■ Your instructions ■
Copy the listing in full and exactly, omitting its images.

■ Input data ■

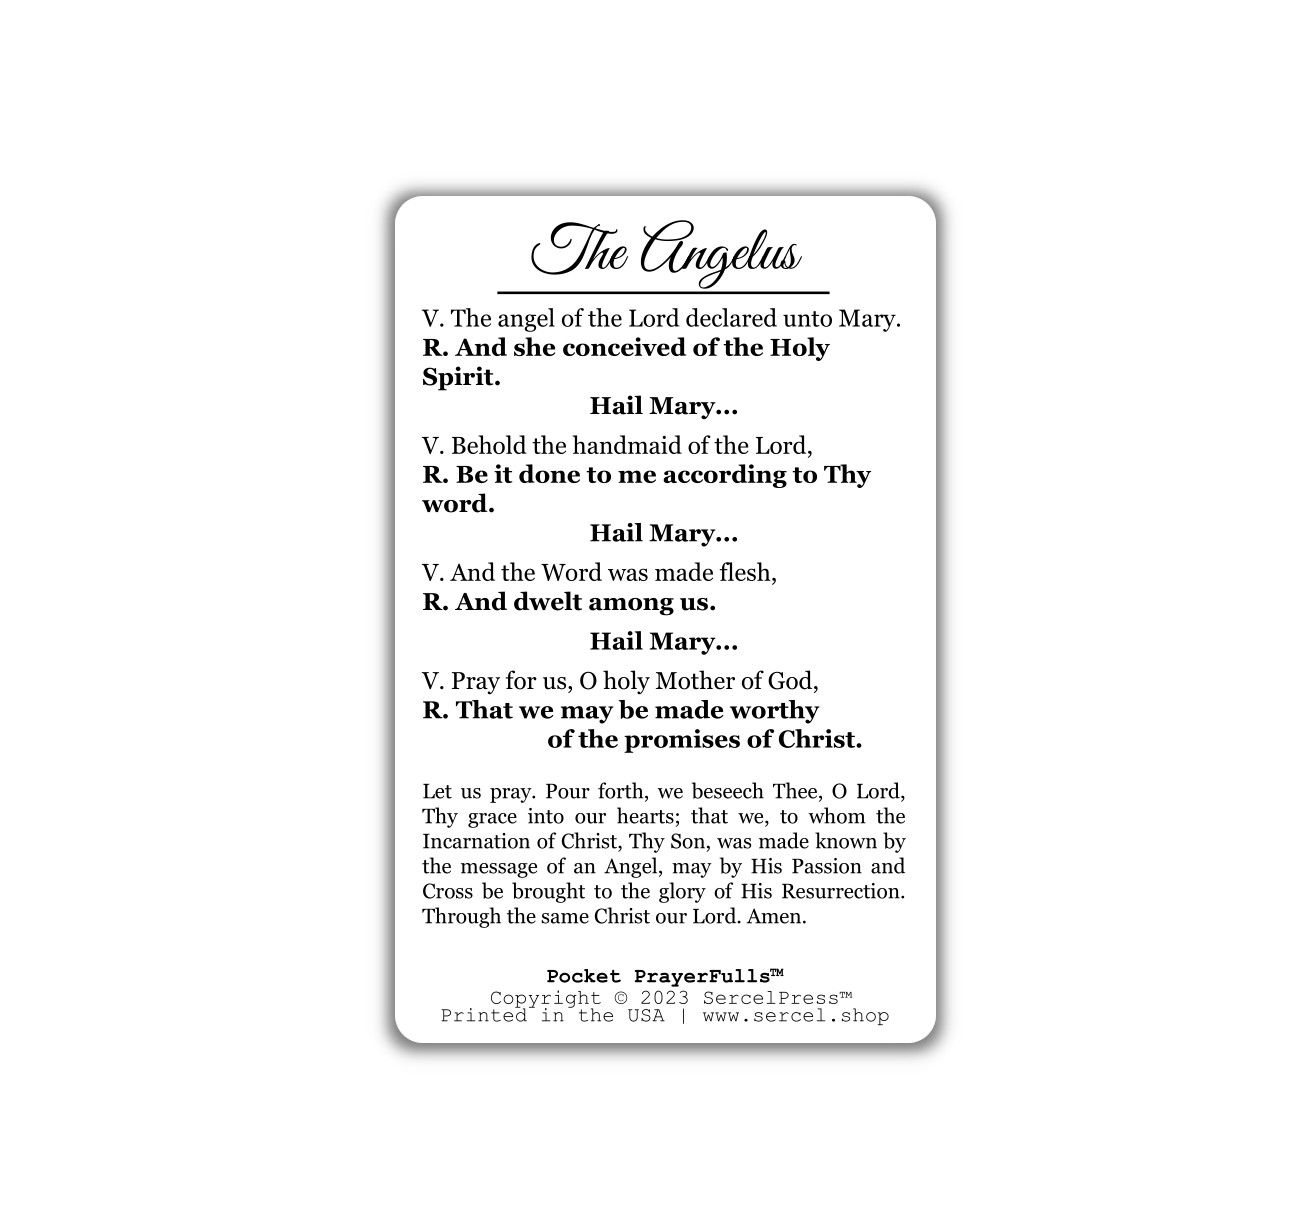 The Angelus: Pocket PrayerFulls™ | Durable Wallet Prayer Cards | Catholic Prayers
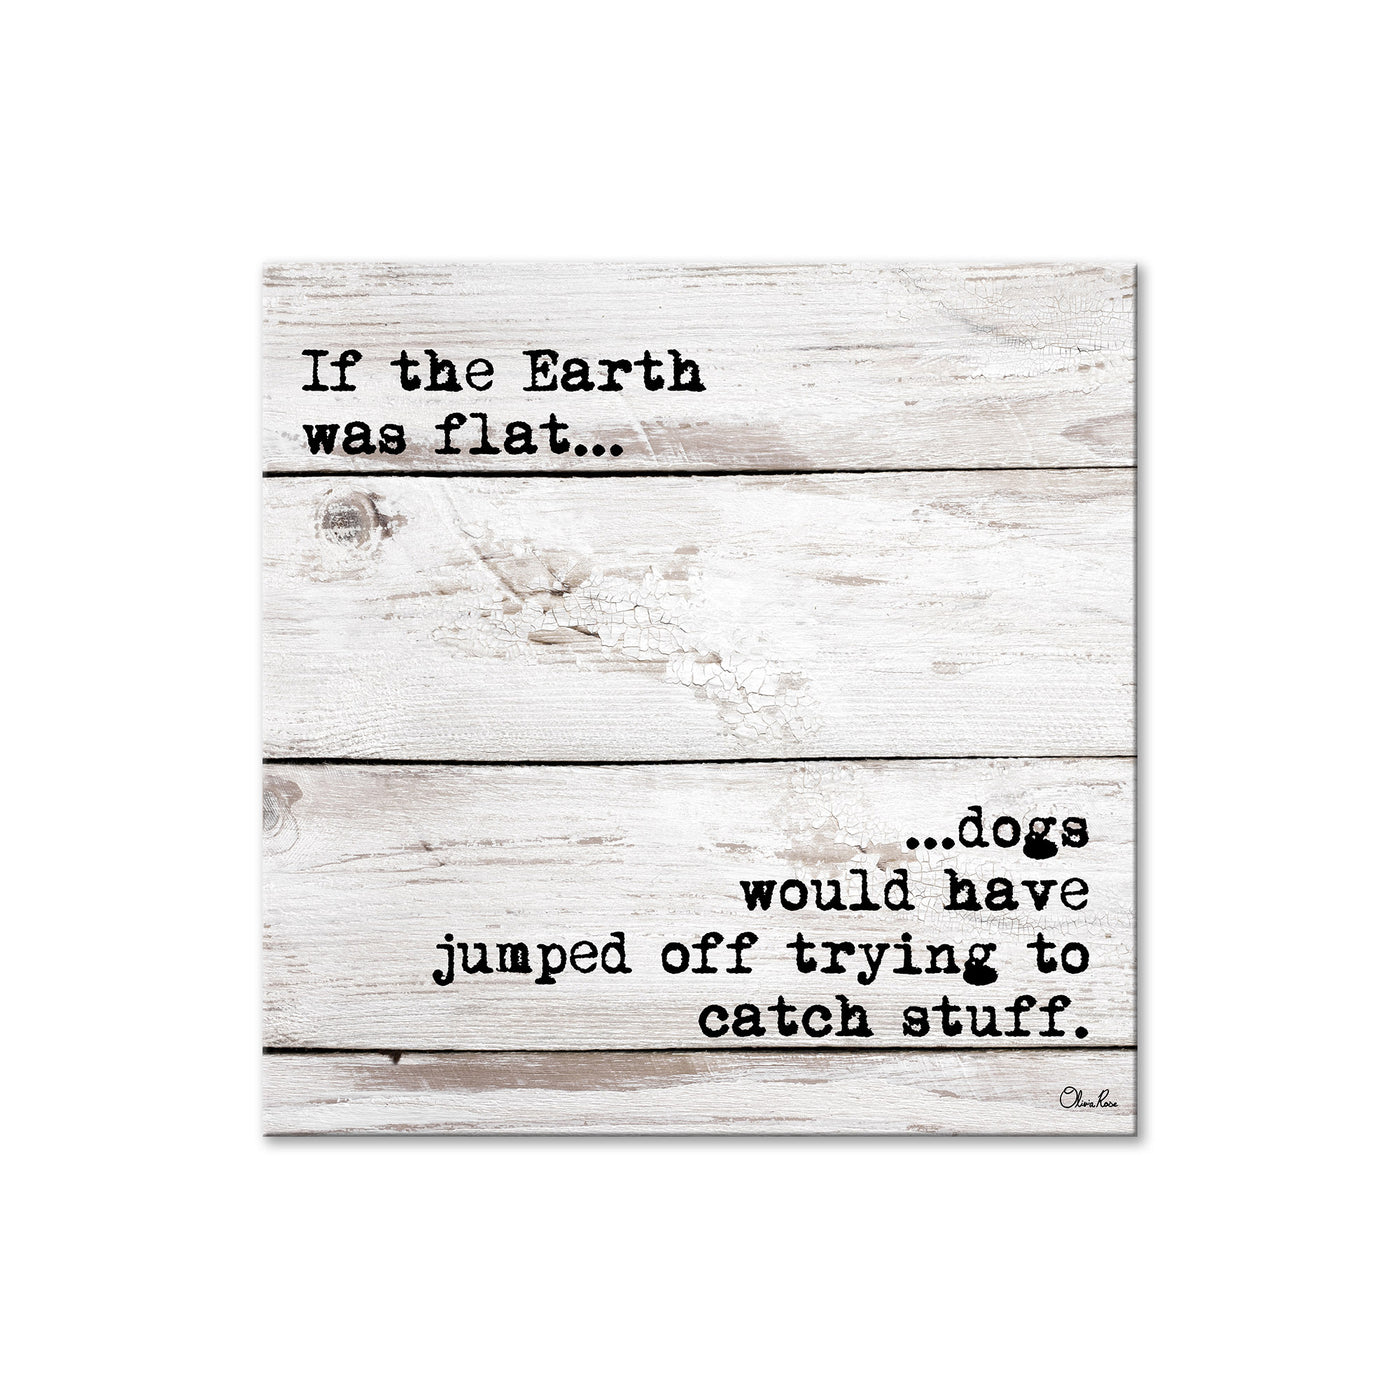 Flat Earth - Dog
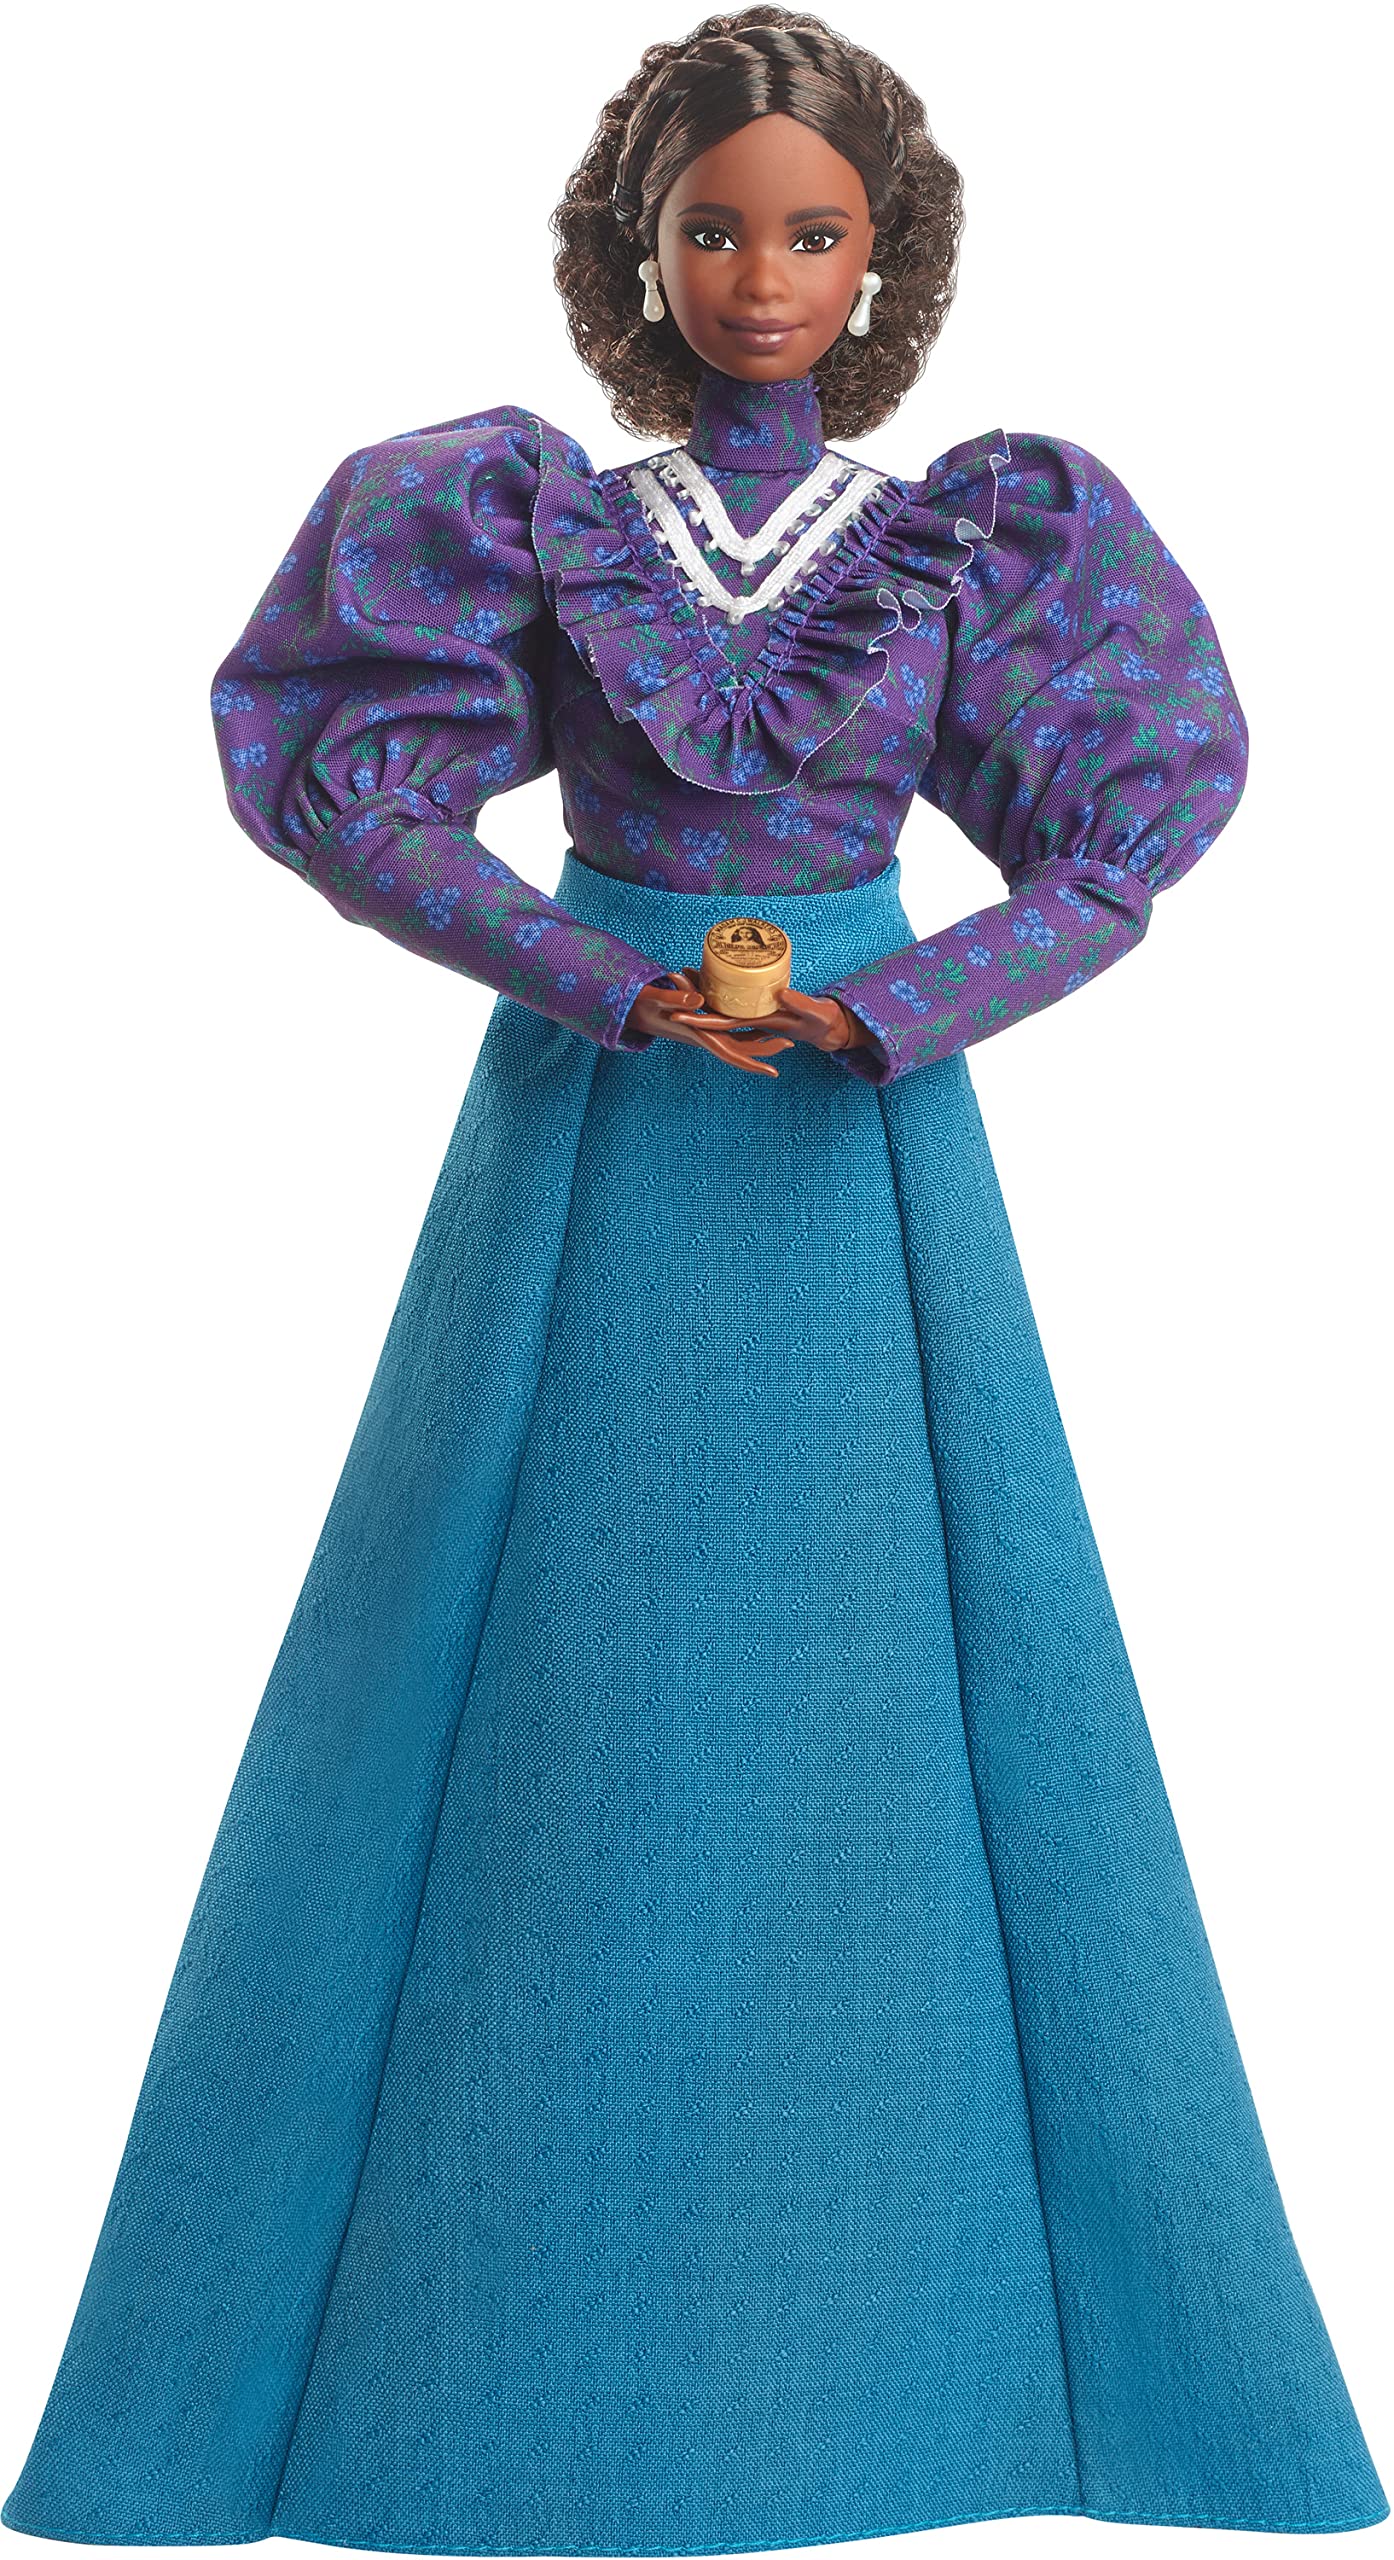 Barbie Signature Madam C.J. Walker Inspiring Women Doll with Accessories & Doll Stand

■ Problem solution ■
 The Angelus: Pocket PrayerFulls™ | Durable Wallet Prayer Cards | Catholic Prayers
 Flat Earth - Dog
 Barbie Signature Madam C.J. Walker Inspiring Women Doll with Accessories & Doll Stand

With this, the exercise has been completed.